## Recorded information
____
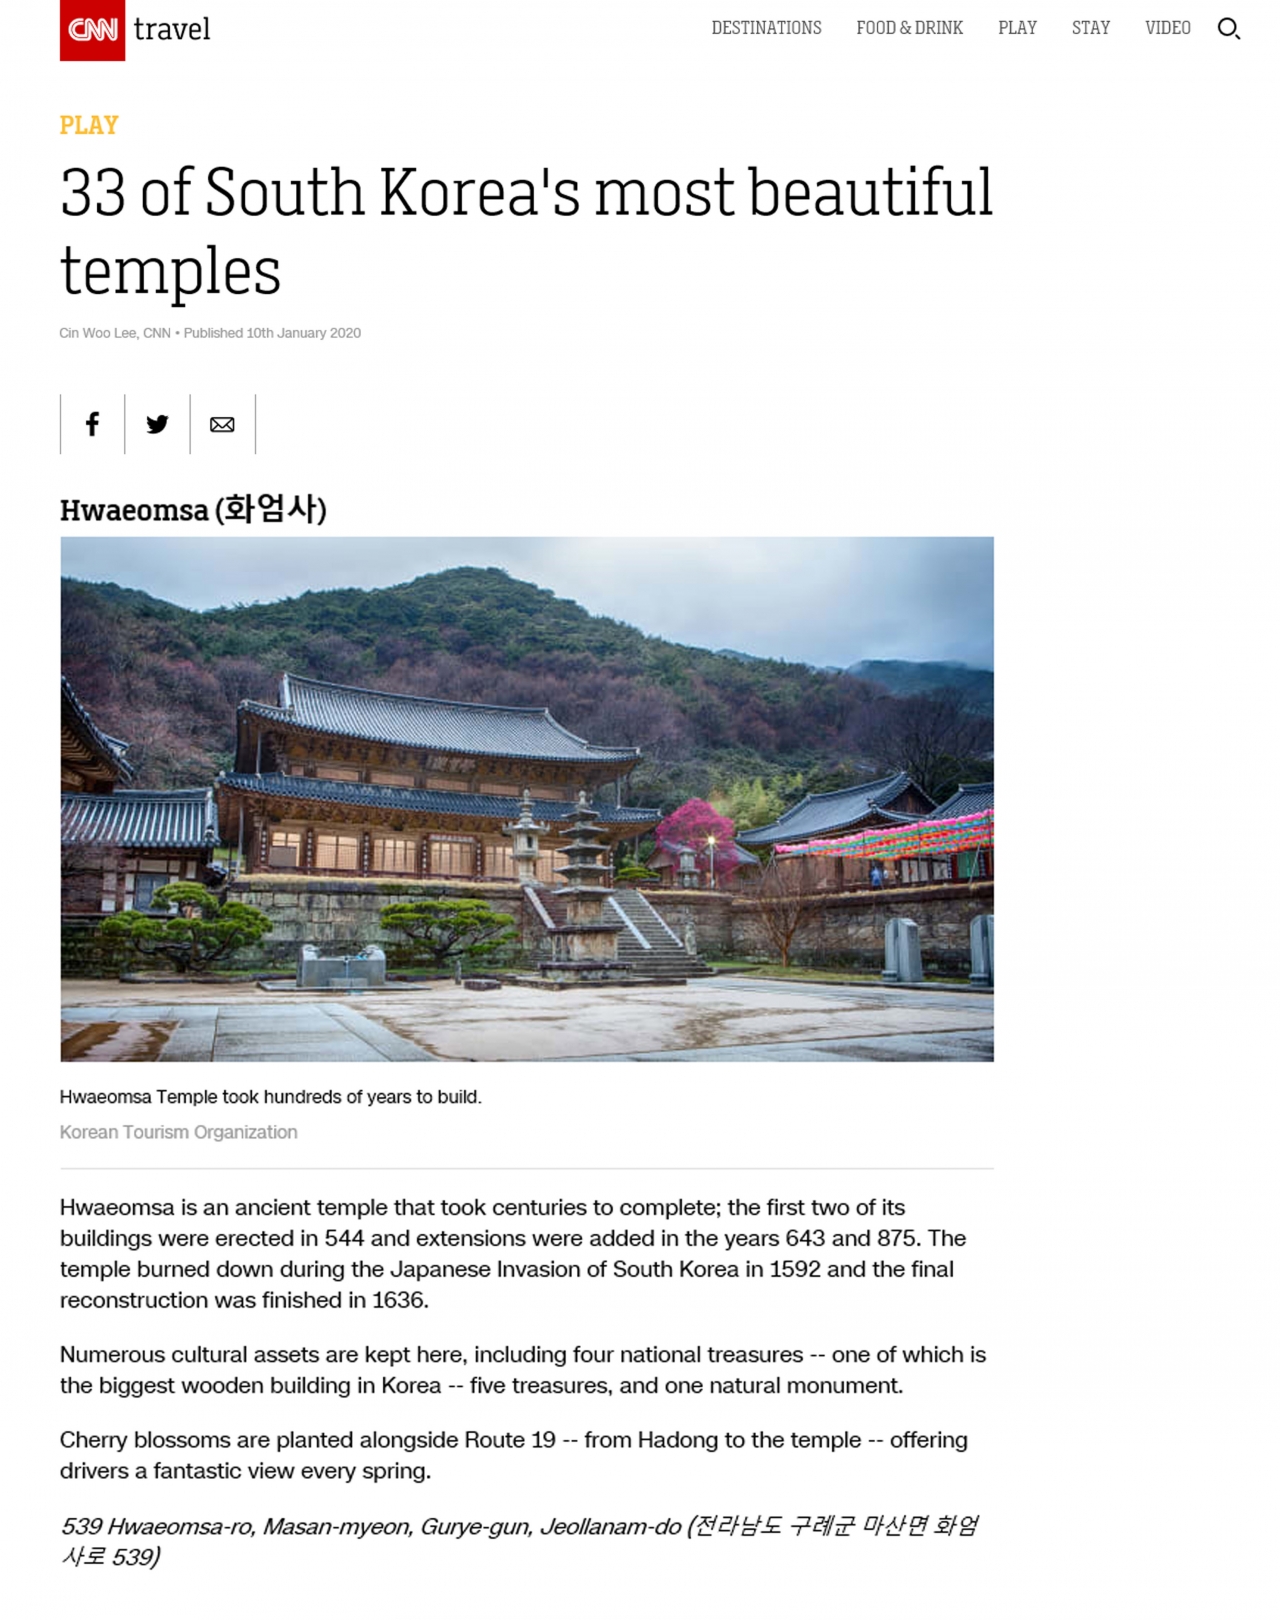 CNN이 한국의 아름다운 사찰 33곳을 선정했다. 화엄사를 비롯한 구례군의 사찰 4곳이 선정되며 구례군은 아름다운 사찰이 가장 많은 지역으로 소개됐다.
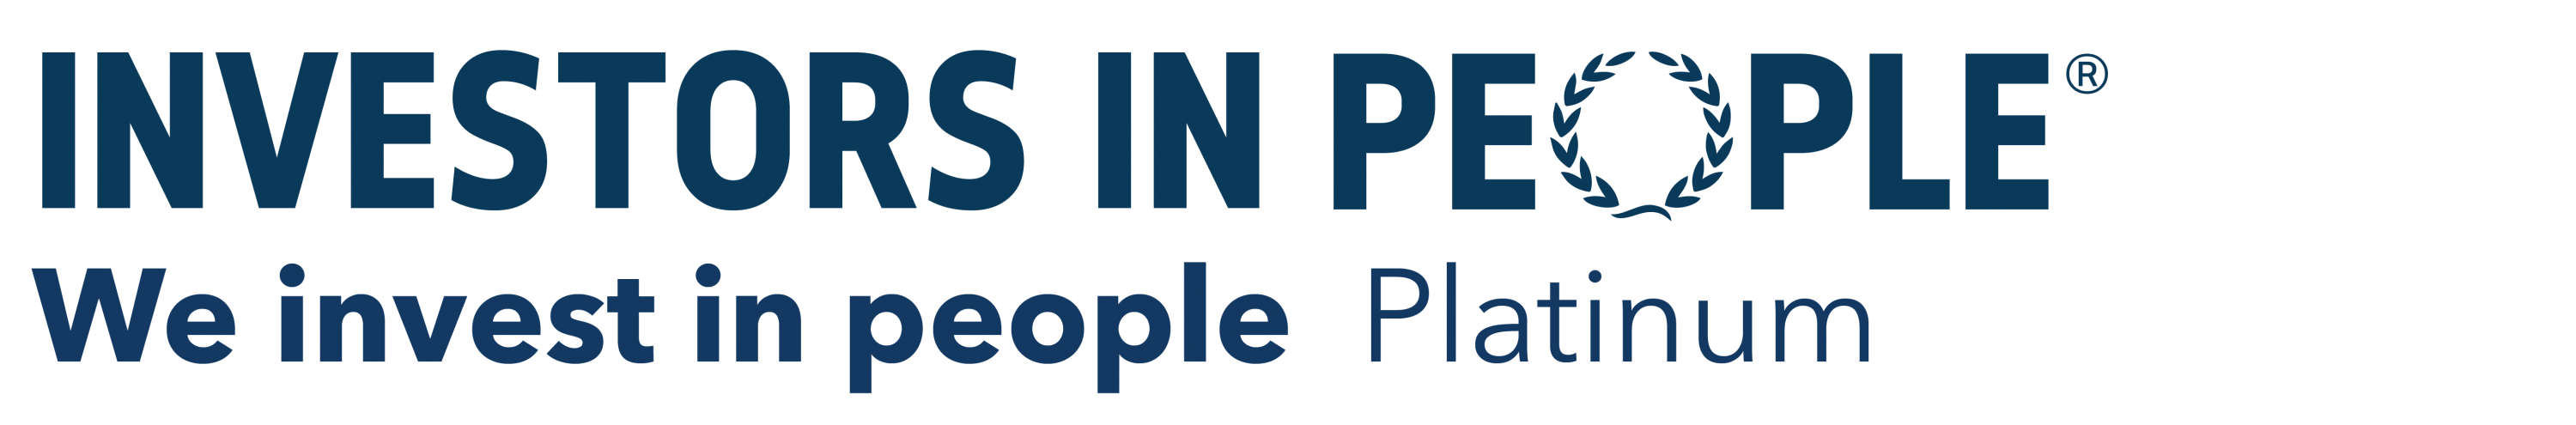 Investors in People Platinum Logo
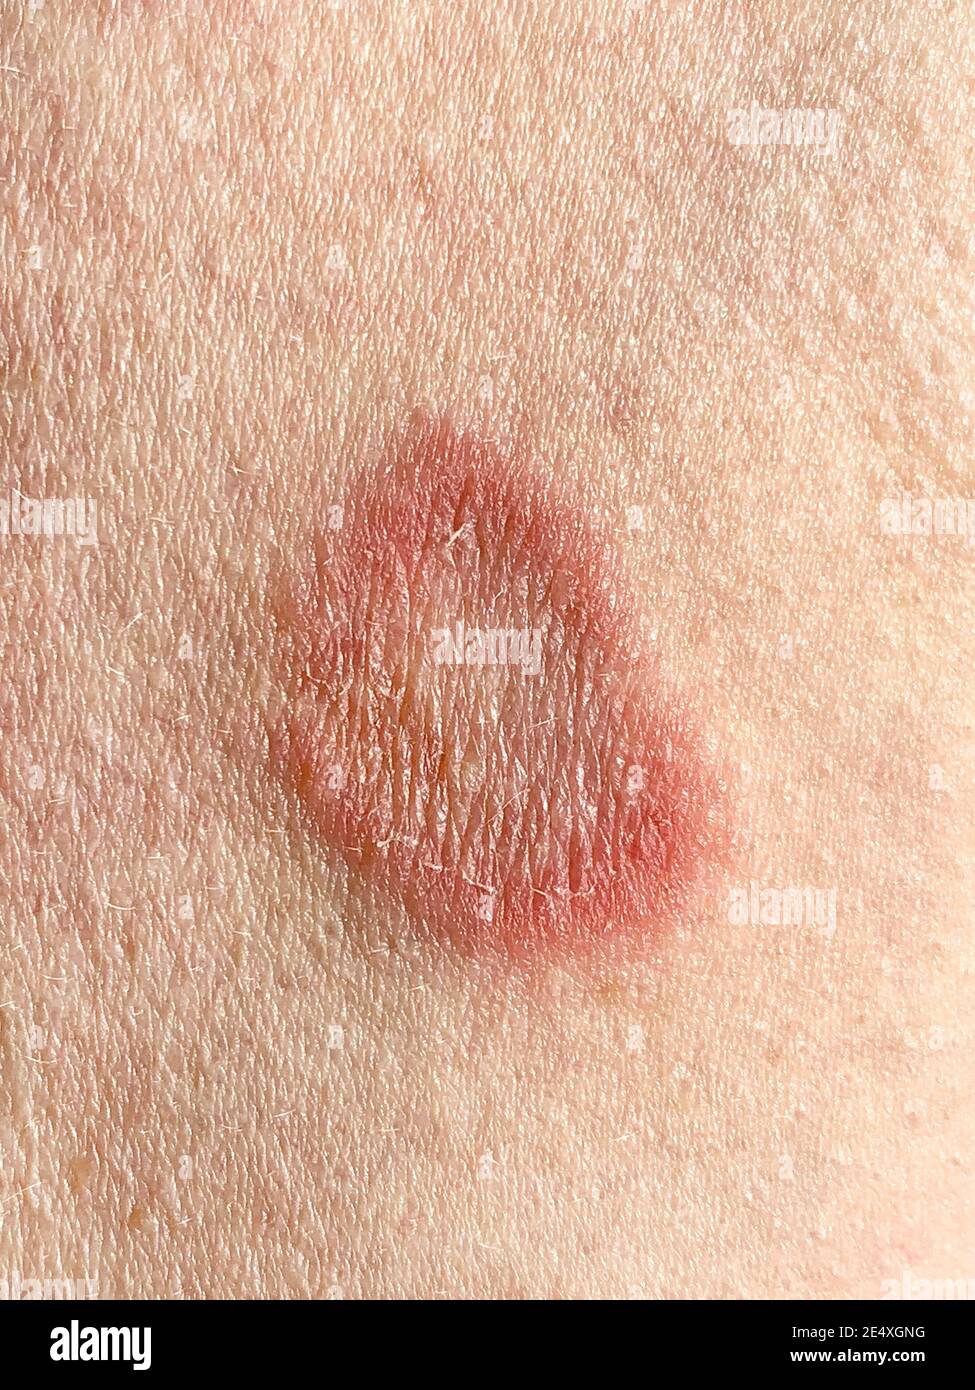 Infección de la tiña en el brazo de un varón adulto caucásico. Esta infección micótica de la piel causa picazón, enrojecimiento y piel escamosa y los anillos se llaman pl Foto de stock
____
## Problem description
Only the pictures are to be left out; write out all the other data exactly.

## Worked solution
 CNN이 한국의 아름다운 사찰 33곳을 선정했다. 화엄사를 비롯한 구례군의 사찰 4곳이 선정되며 구례군은 아름다운 사찰이 가장 많은 지역으로 소개됐다.
 Investors in People Platinum Logo
 Infección de la tiña en el brazo de un varón adulto caucásico. Esta infección micótica de la piel causa picazón, enrojecimiento y piel escamosa y los anillos se llaman pl Foto de stock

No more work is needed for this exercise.